I am one of the authors of that blog. The video is not ours, but we have commentated on it. Before I go any further it would be perfectly reasonable to say we know a lot about TV licence law, as a cursory glance of our blog will show. We have held the BBC (the statutory Licensing Authority) to account on aspects of TV licence law on several occasions.
If you read the "About" page you will see our motivations: we're more opposed to the way the licence fee is enforced, than the fee itself. Furthermore, we always encourage anyone using equipment for a licensable purpose (e.g. viewing/recording live broadcast TV programmes) should get a licence.
Our main bugbear is the way TV Licensing treat people who don't need a licence. If you don't need a licence, even if you volunteer the fact to TV Licensing (you are not legally obliged to tell them), they will harass you with intimidatory letters and send their people to check. If Sainsbury's sent someone to randomly check you weren't shoplifting, even though you'd earlier been in their store and had the opportunity to do so, you'd be rightly offended.
They daub big red warnings on the envelopes to embarass people infront of their postman or neighbours. They simply don't believe anyone can live without live TV. They scare people by threatening court, £1000 fines, detector vans and enforcement visits when they have no evidence of wrongdoing at all. That is a fact. Quite simply their tactics coerce payment from people who are not legally obliged to pay. The BBC love reading our blog. We couldn't air all their horrible little secrets so publicly if we weren't sure of our facts.

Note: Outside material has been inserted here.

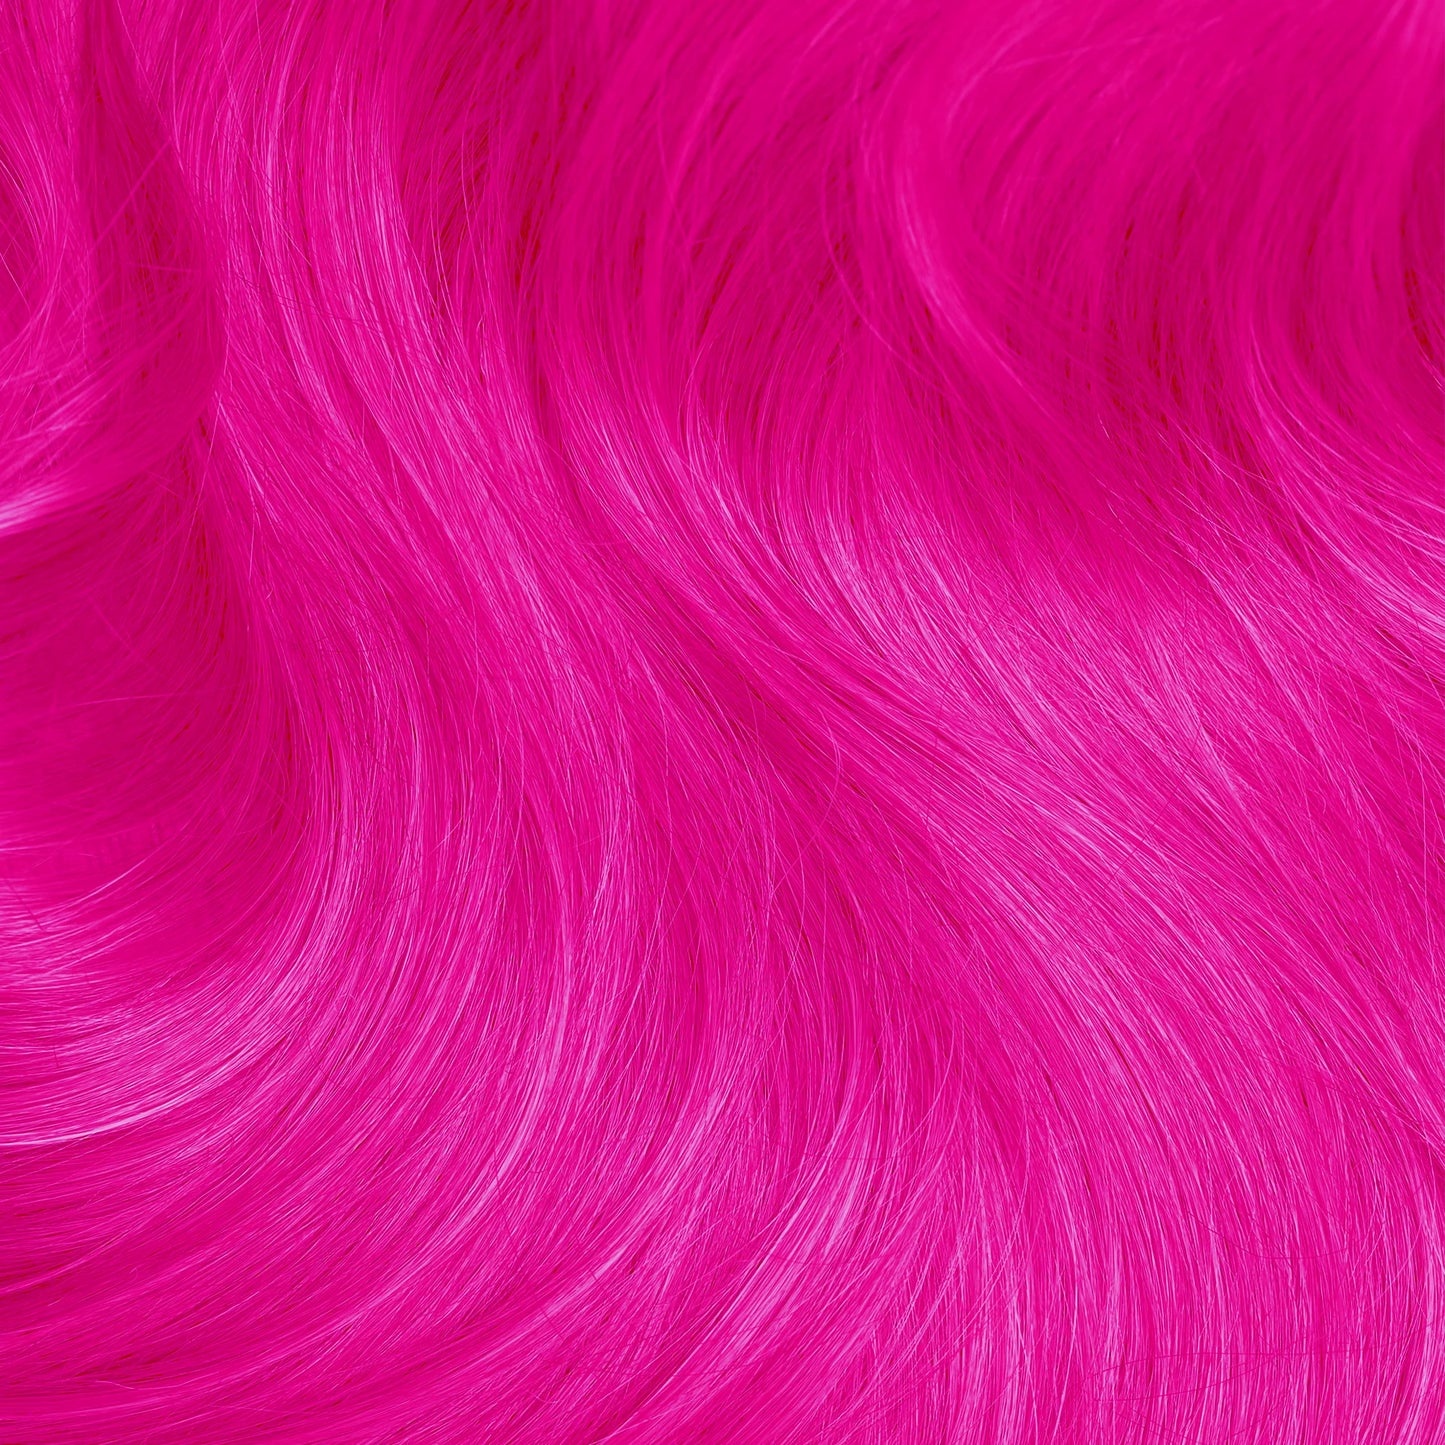 NEON DRAGONFRUIT Lunar Tides hair dye

The BBC is funded by the fee, so they have a pecuniary advantage with every licence sold. They need money more than ever with the fee frozen until 2016. The people who sell the licences, employed by BBC contractor Capita Business Services Ltd., are on a crap basic rate but good commission for every licence sold. A lot of them will say almost anything to sell licences. They aren't particularly bothered whether the person buying needs a licence or not. That is also a fact (see our article about Criminal TV Licensing Employees).
A company called Fishburn Hedges is contracted to deal with TV Licensing PR. All the letters by "TV Licensing spokespeople" that appear in the local newspapers are written by them. The names are pretty common (Fergus Reid, Ian Fannon, Sarah Armstrong, Jon Shaw, Tim Downs, Mark Whitehouse) but they all work for TV Licensing's PR companies. A company called Proximity London deal with their routine letters, dubbed threatograms for their menacing and accusatory tone. Proximity actually hold the contract for the second time. Their first contract was terminated for publishing dishonest statistics in threatograms, but the BBC saw fit to re-employ them in the same role.

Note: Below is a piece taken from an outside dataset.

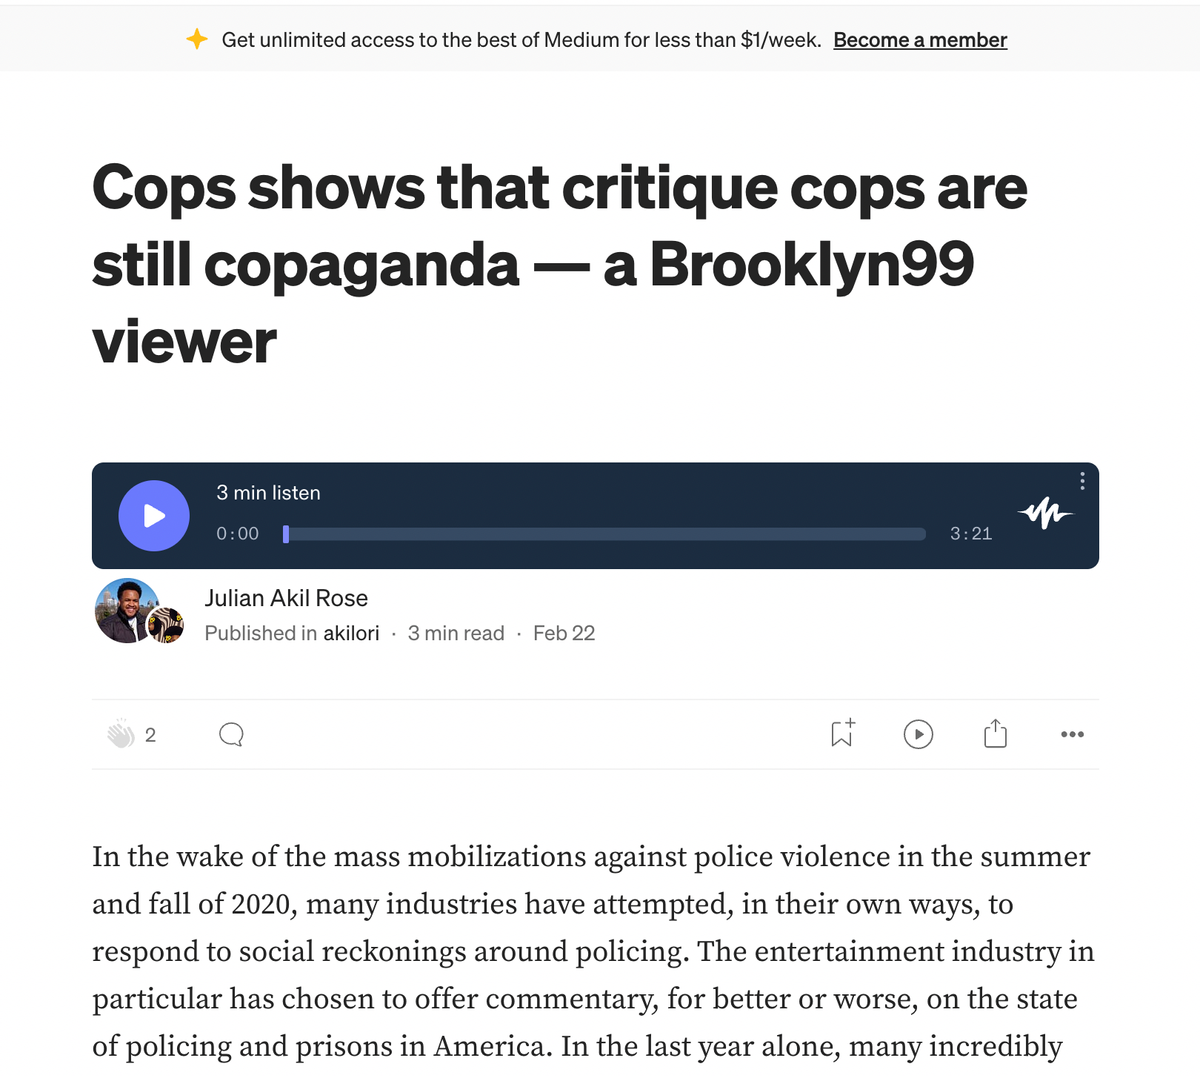 Cops shows that critique cops are still copaganda - a Brooklyn99 viewer

I've typed a lot already, but I'll summarise a few key points:
- If you don't watch/record live TV programmes you do not legally need a licence. Mere ownership of a TV or PC does not legally need a licence.

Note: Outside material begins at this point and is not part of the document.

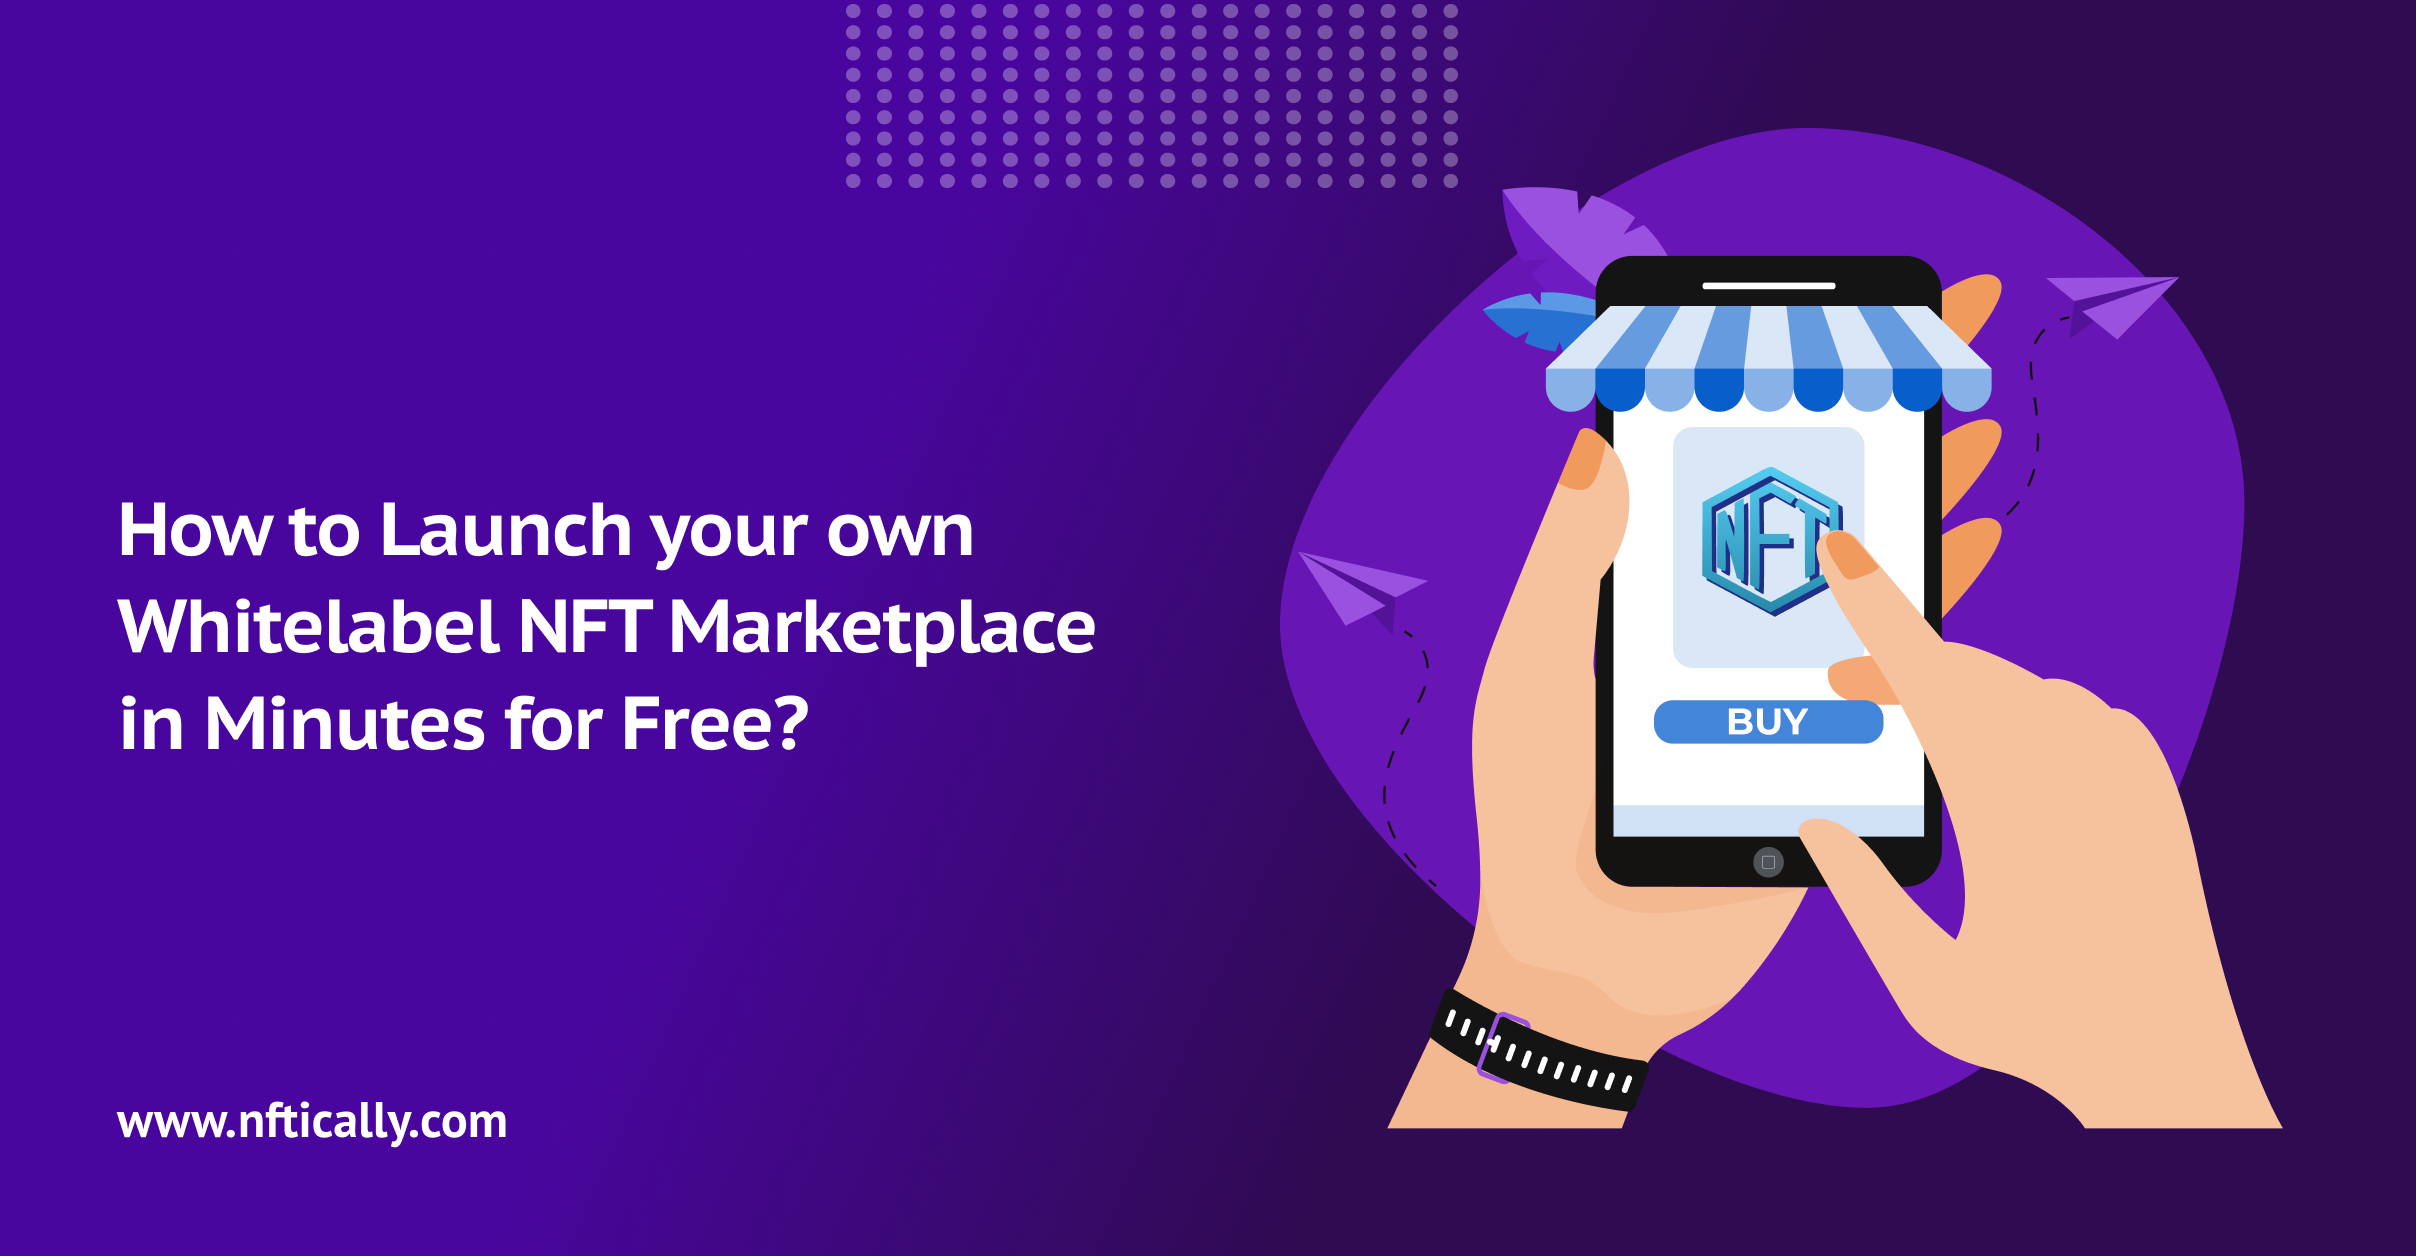 Whitelabel NFT Marketplace Free

- If you do not need a licence you do not legally need to communicate with TV Licensing. Indeed you shouldn't, as it would be a completely wasted effort on your part.
- If you do not need a licence then you can safely bin TV Licensing threatograms and ignore the contents. Likewise you can safely slam the door if they send a salesman around to check on you.
- Most of what TV Licensing say is designed to scare people into buying a licence. Selling licences, by whatever tactics, is the aim of their people who receive a bonus for each sale.